Oxidation reactions are essential to fight infection and are generated when neutrophils ingest bacteria to rid the body of pathogens. For reasons still unclear, in CF, the environment in the airways is strongly pro-inflammatory. After neutrophils have been recruited, neutrophil-derived oxidants are released into the airways, and contribute to ongoing tissue destruction. Oxidants, which include hydrogen peroxide, hypochlorous acid, and other damaging particles called free radicals are released and create a vicious perpetual cycle of tissue destruction.

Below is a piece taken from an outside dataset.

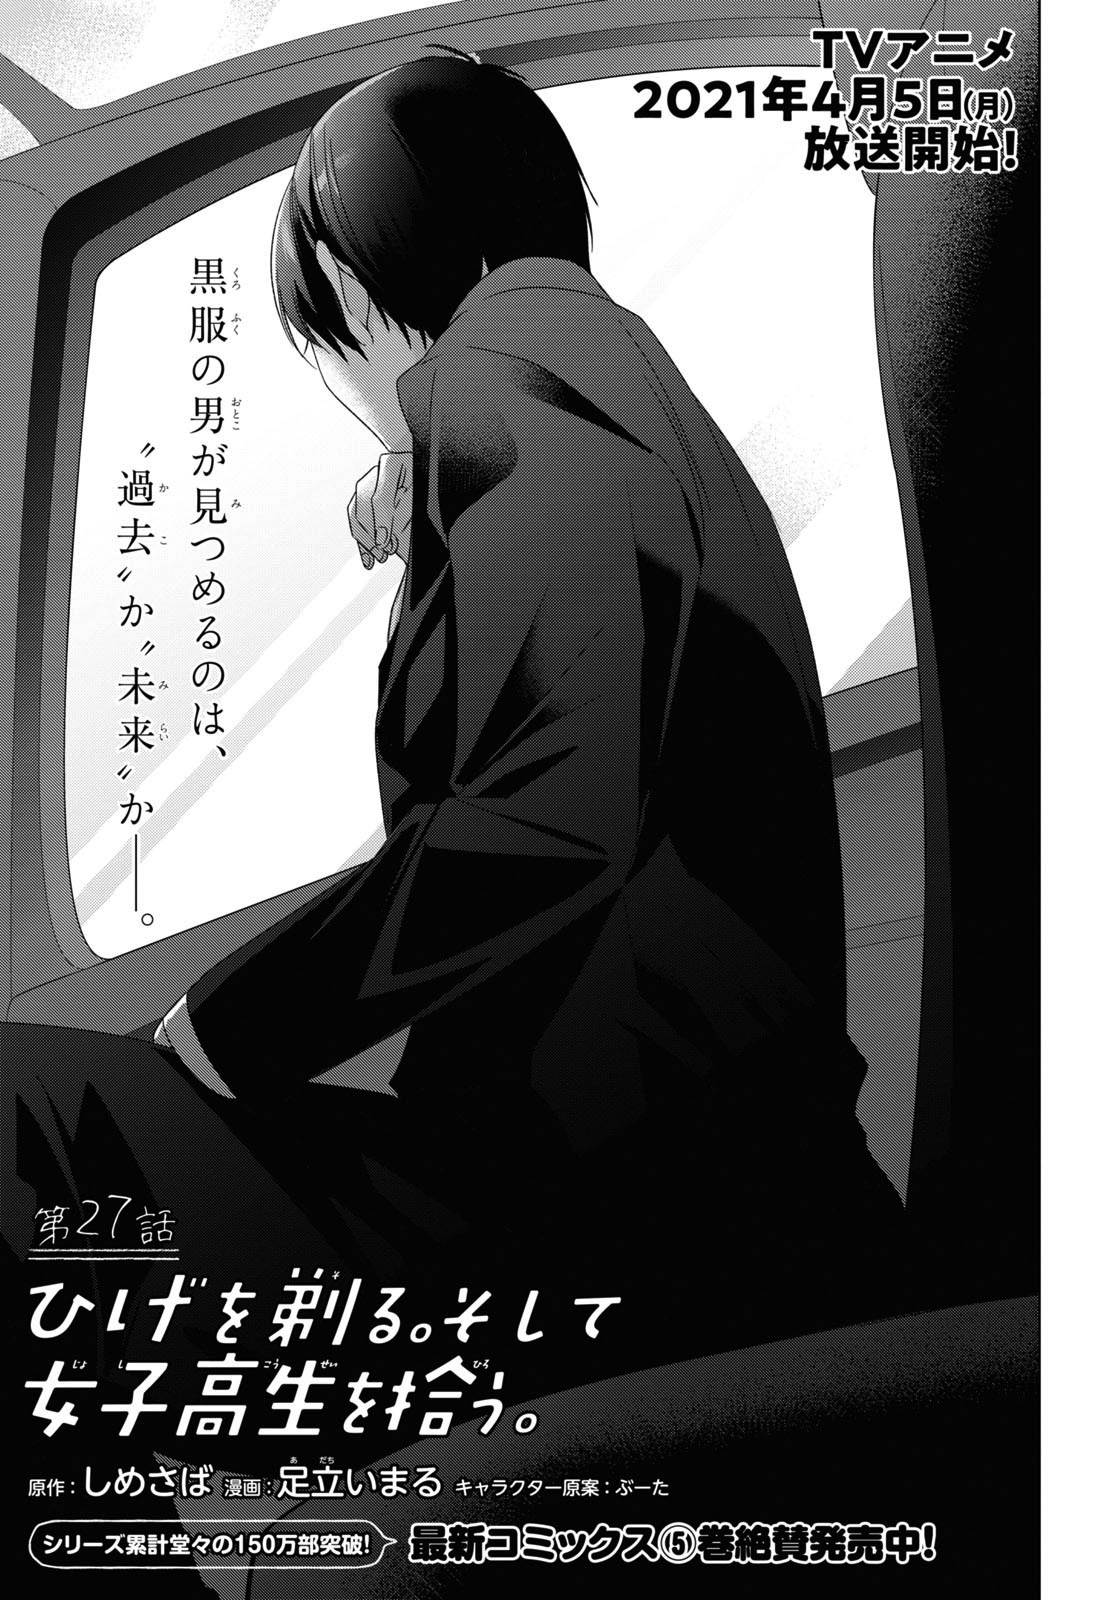 Higehiro manga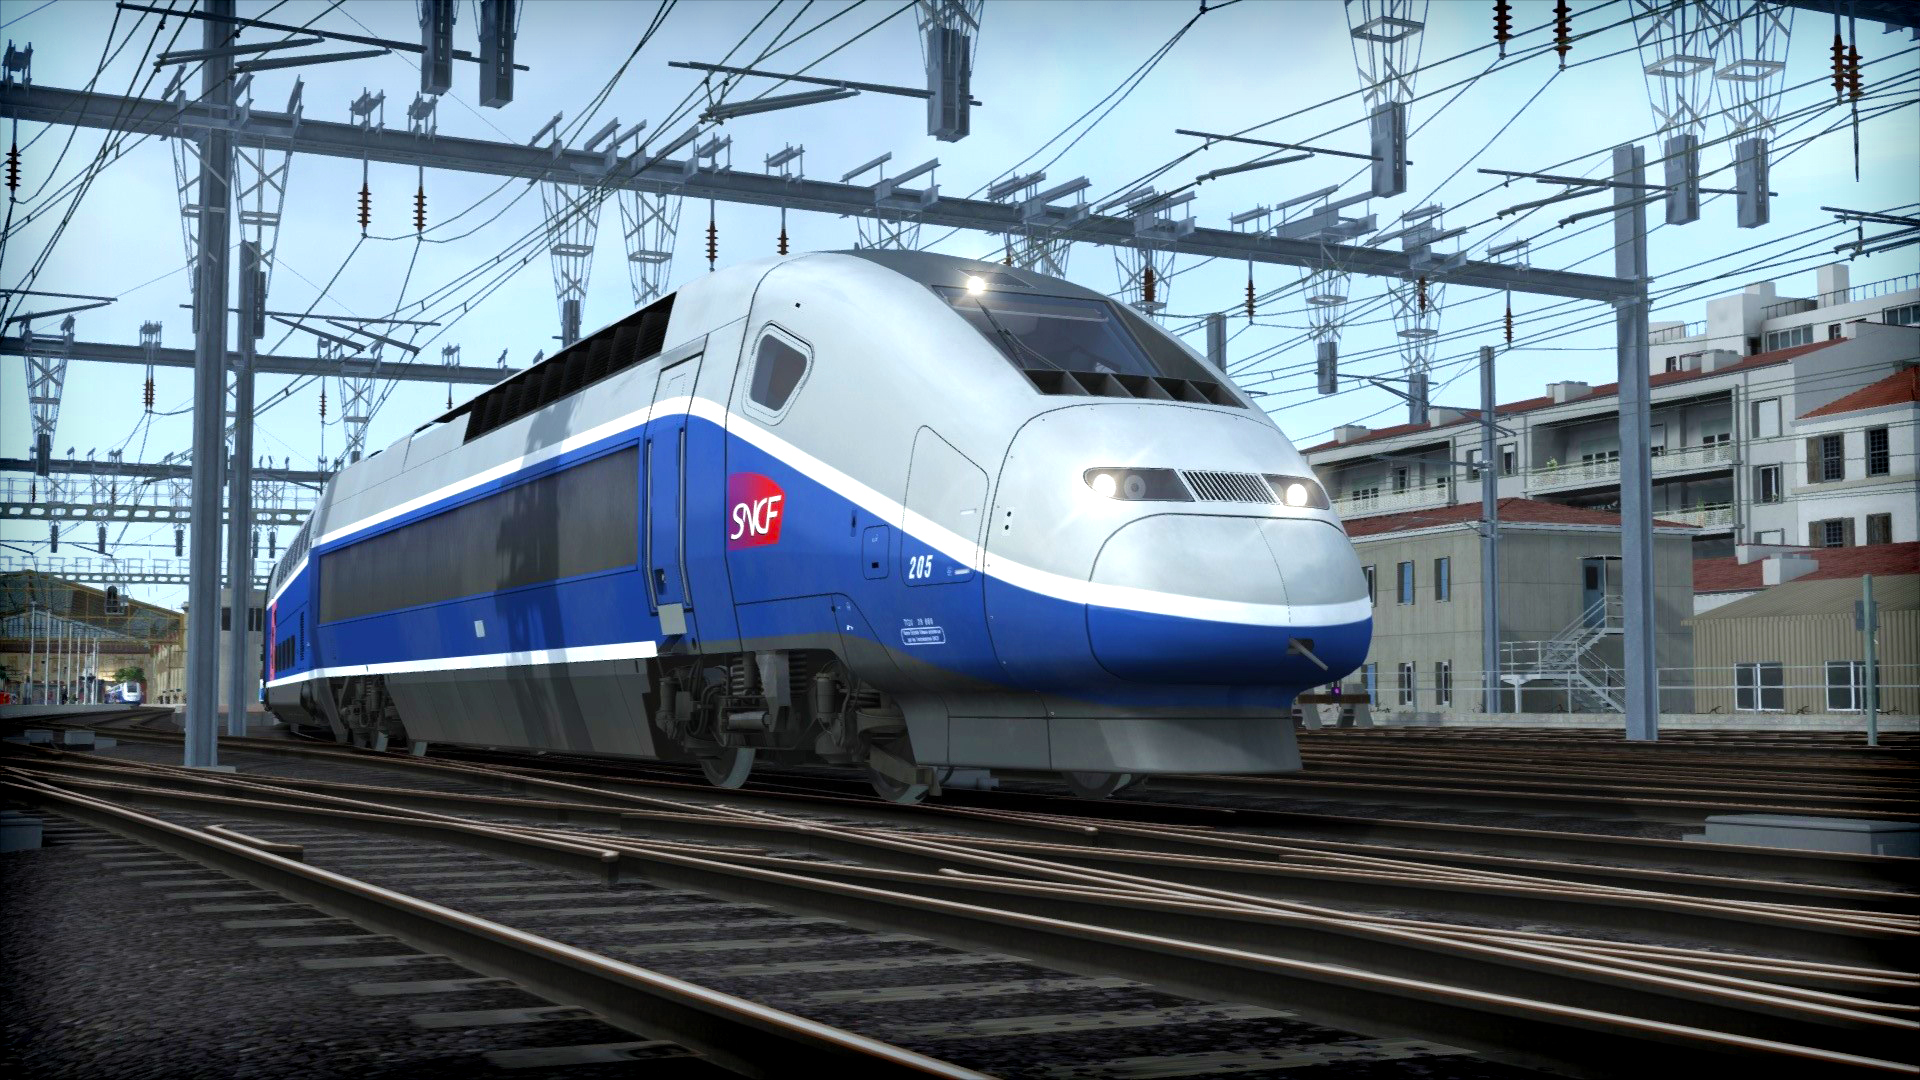 Train Simulator 2017 - Images & Screenshots | GameGrin1920 x 1080

For decades, antioxidant drugs have been utilized to supplement the diets of CF patients, with the rationale that antioxidant drugs may be useful to control both oxidative stress and excessive inflammation in CF airways. Because of this well-defined function for antioxidants, one of the most widely reiterated claims in both medicine and nutrition counseling is that anti-oxidants such as vitamin C and E, inhaled and oral NAC and GSH would prevent, or at least delay, the onset of end-stage lung disease in CF. These claims, however, have not been substantiated with appropriate placebo-controlled clinical intervention trials, until recently. While the clinical efficacies of corticosteroids and high-dose ibuprofen have been previously proved to decrease inflammation in clinical studies for CF patients, these modalities have been associated with severe side effects, limiting their long-term use. We have recently published the results of a clinical trial testing the efficacy of high doses of NAC taken orally three times a day for 6 months. We performed a placebo-controlled study involving our CF center at Stanford and 10 other CF centers from the US in which we hypothesized that treatment with high doses of NAC would lead to a decrease in the inflammation (neutrophils) in CF airways and potentially lead to clinical improvement, such as improved lung function, decreased occurrence of pulmonary exacerbations, and/or decreased use of antibiotics in that time period.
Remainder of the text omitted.